Thursday, October 1, 2009

Forgiveness Biscuits

I'm stuck... As some of you might know it. The wedding plans have to be put on a hold.. Its cold war time again.. I really wonder how long this is going to last.. its almost 2 weeks. I'm tired... Why must a wedding be so difficult? Why can't moving out be a celebration? I wonder if most people have forgotten what's a marriage. Its as though everything we are doing from the house to the ceremony is for people. I wish I could just walk up get married and move off. Mebbe its just too much symbolism and most people for get (Which leads to all these extra recovenant marraige ceremony)

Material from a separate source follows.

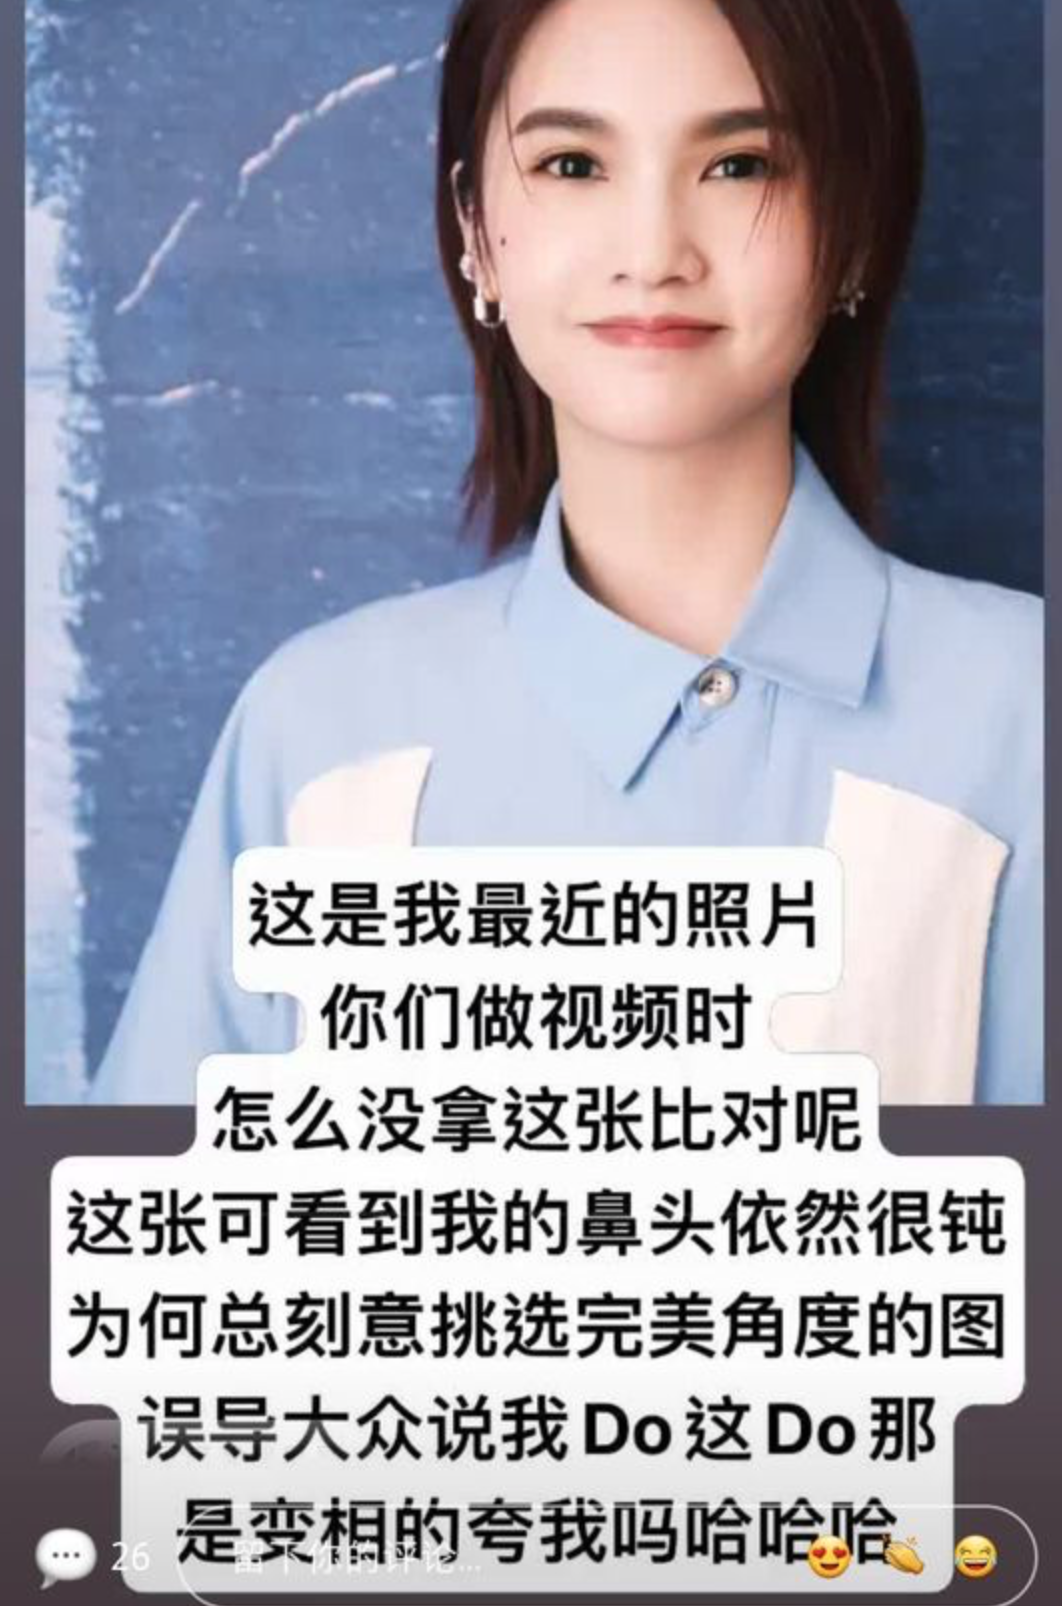 Rainie Yang plastic surgery rumours

Hmmm its ironic though reading through Joseph... seeing the whole favouritism thing affect my dad and his brother.. reminds me of Jacob and Esau. The seperation and not coming back. Looking back at my parents leaving the family and ignoring their parents... Well.. it seems like its now my turn to do such things. The only difference perhaps that this is not what I really hope to happen. God is speaking and as I walked to the shop and collected the mooncakes for Deb, i remembered sharing during staff worship sometime back on forgiveness biscuits. Thye Lee Tau sa piah. If its so possible that i can even go back to the shop and get the biscuits, then mebbe forgiveness is possible. We've got a heritage in this business and i wonder if there were no forgiveness would things be lost? (Am looking back at how Joseph forgave his brothers and in the process preserved the line of Israel)

And so... the day must come where i speak to parents, to enjoy the family once more.. but when can this be?